Question

Differential Gene Expression Analysis using data_RNA_Seq_v2_expression_median RSEM.Normalized

1

Entering edit mode

6.6 years ago

gokce.ouz ▴ 70

Hi All,

We have a specific gene mutation and we would like to learn how it is effective on Breast cancer.

So using the R, I get the mutation information from sequenced cases of TCGA Provisional and then stratified patients into two categories as Mutated & Wild Type. I downloaded the mRNA Expression z-Scores (RNA Seq V2 RSEM) from the cBioPortal website. I would like to look at the differentially expressed gene between these two groups but I have several questions :

The RNA seq data is Rsem.normalized, before I do any further analysis I transformed them into log2(rsem+1), that is correct right ?
For differential gene expression analysis what do you suggest me to use ? I cannot use DeSEQ2 or edgeR as they require raw counts as input.
I used limma package but I guess I get shows my data has some problem . Does it look ok or should I do something else ?

library(edgeR)
library(limma)
group = c( rep("Mut", 191), rep("WT", 660))
design <- model.matrix(~ 0 + group)
colnames(design) <- c("Mut", "WT")
y = TCGA_comb
par(mfrow=c(1,2))
v <- voom(y,design,plot = TRUE)
fit <- lmFit(v, design)
cont.matrix <- makeContrasts(PIK3CA_mutVSwt=Mut - WT,levels=design)
fit.cont <- contrasts.fit(fit, cont.matrix)
fit.cont <- eBayes(fit.cont)
plotSA(fit.cont)
summa.fit <- decideTests(fit.cont)
tab <- topTable(fit.cont, n=Inf, coef="PIK3CA_mutVSwt")

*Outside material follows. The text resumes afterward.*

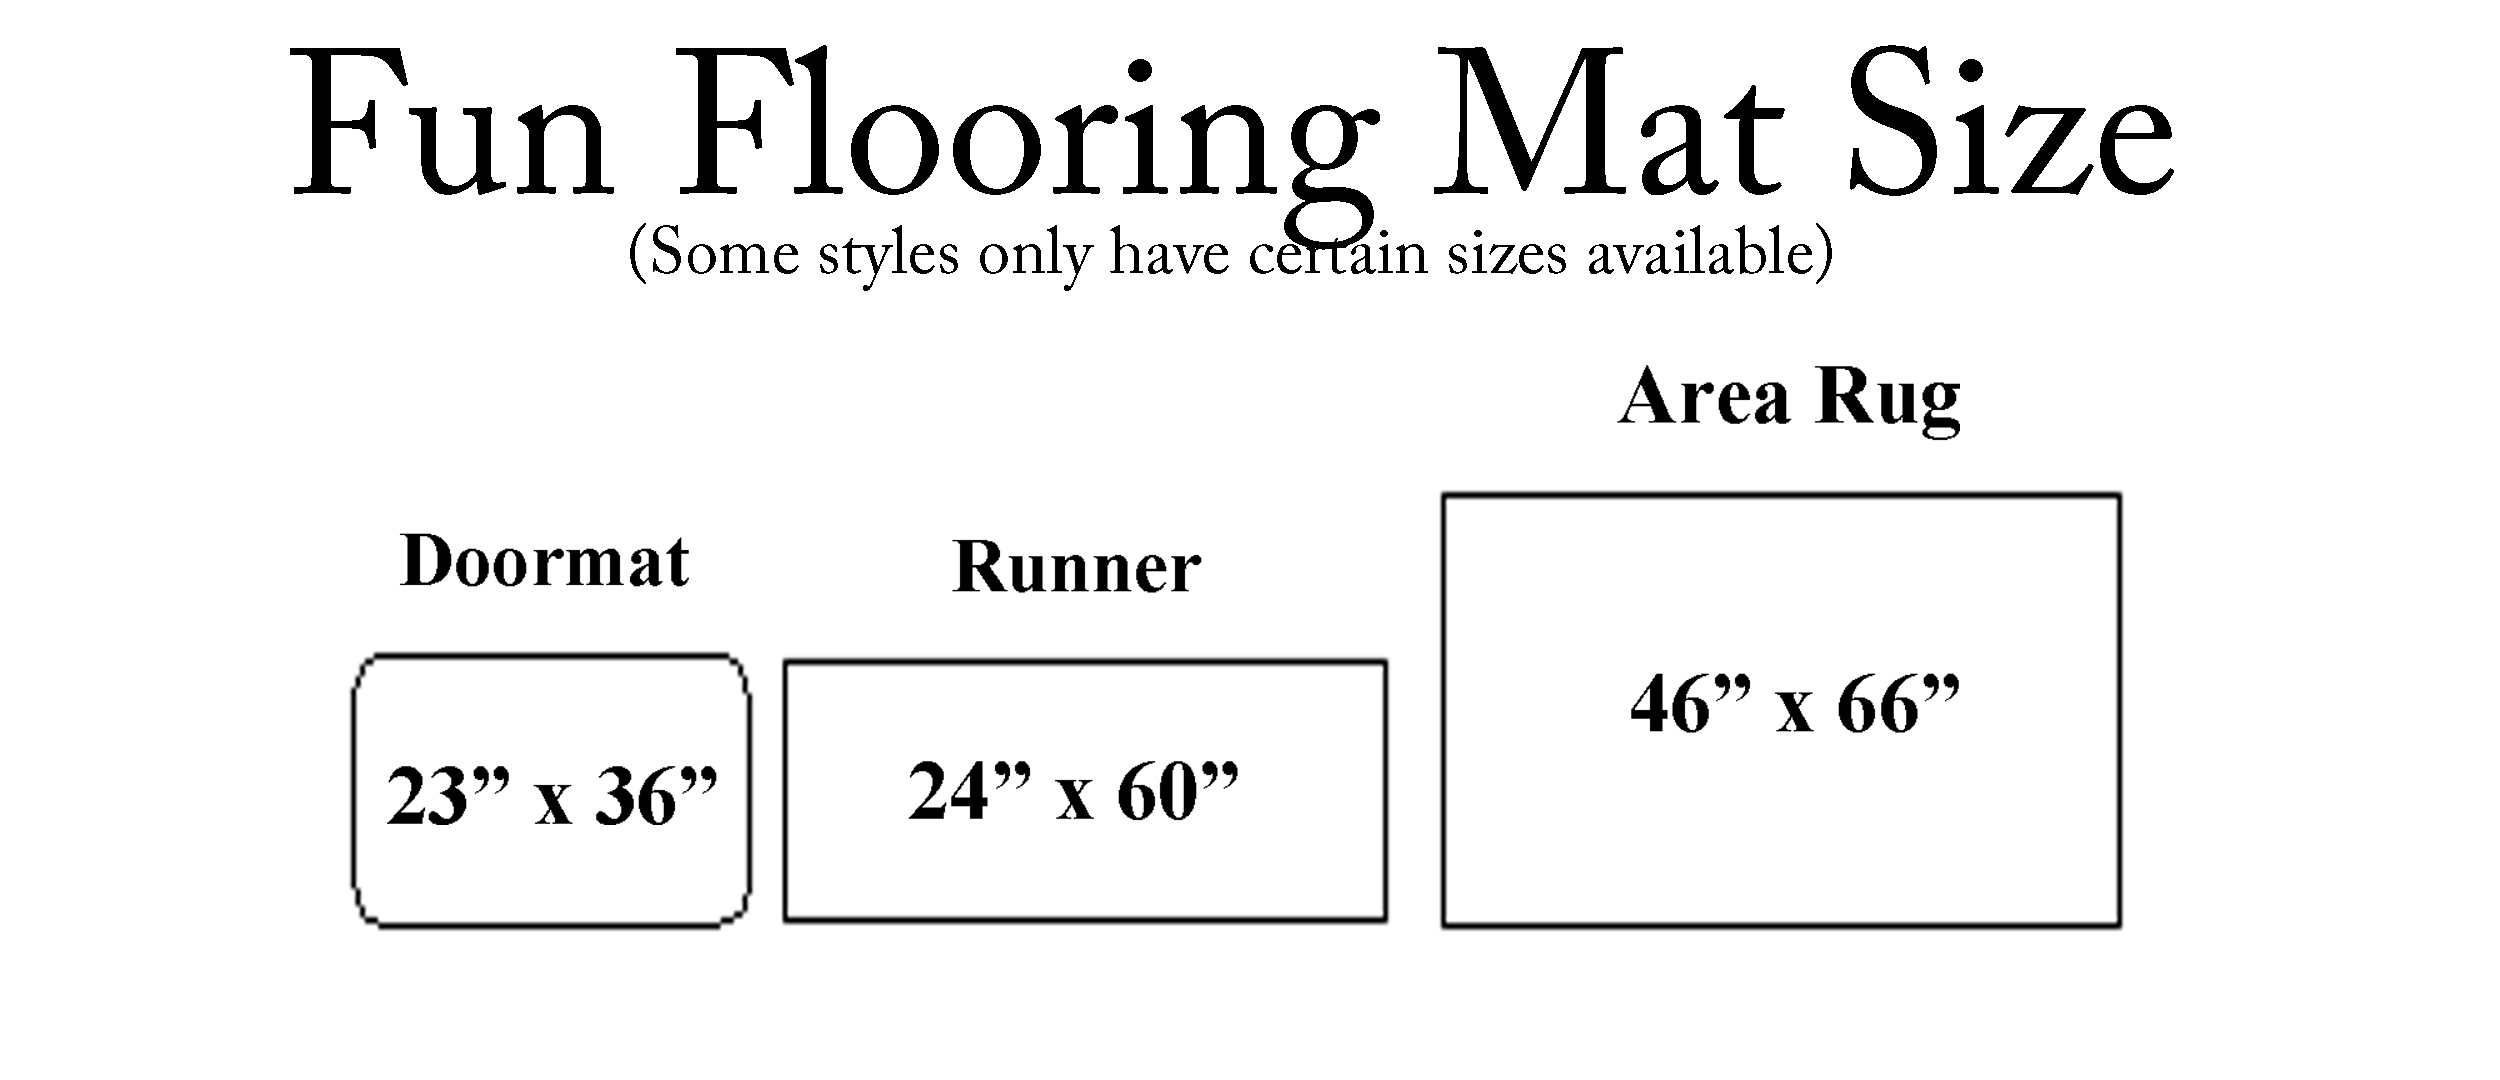 Siza chart for Fun Flooring Mats - Doormat, Area Mat and Runner Mat image by Everything Doormats.

Would it be too superficial if I calculate Fold Change, p-value & FDR on my own?

 a) Fold change: Take average of each gene per group and then Log2(B)-Log2(A)

 b) p-value: t.test command of R

 c) FDR: p.adjust(pvalue,method="fdr")

Many many thanks,

Gokce

RNA-Seq limma R DGE • 4.7k views

ADD COMMENT • link 6.6 years ago by gokce.ouz ▴ 70

score 3 · Accepted Answer · 2017-09-04

3

Entering edit mode

6.6 years ago

Kristoffer Vitting-Seerup ★ 4.0k

Hi Gokce

Answers below

1) Yes you can you the log-transformation as you describe - but you could also use a smaller pseudo-count (say 0.01) punishing smaller changes less.

2) Raw count data from TCGA's RNA_Seq_V2 are available via the CDC data portal or a most of other APIs such as TCGAbiolinks

3) Don't do that - limma uses normality as an assumption (just like a t.test) - so if you dont trust the limma results you should not trust a t.test. Use voom+limma with raw counts obtained as in 2) instead (limma instead of edgeR since they perform almost identical when you have many replicates (which you have right?) - expect that limma is much much faster.

Hope this helps

ADD COMMENT • link 6.6 years ago by Kristoffer Vitting-Seerup ★ 4.0k

0

Entering edit mode

Dear Kristoffer,

Thanks a lot for your answer.

I knew I would be more comfortable with the raw data however I was being forced to work on this normalized data. Maybe it is better to insist on working on the raw data again.

So to clarify, you are suggesting me to use voom+limma on the raw count data instead of edgeR & DESeq2, right ?

ADD REPLY • link 6.6 years ago by gokce.ouz ▴ 70

2

Entering edit mode

Yes i suggest voom-limma because when you have many replicates (which you do in the TCGA data) they perform similar in benchmark. The difference then becomes that instead of waiting hours on edgeR or DESeq2 you can wait seconds/minuts on limma allowing much greater flexibility.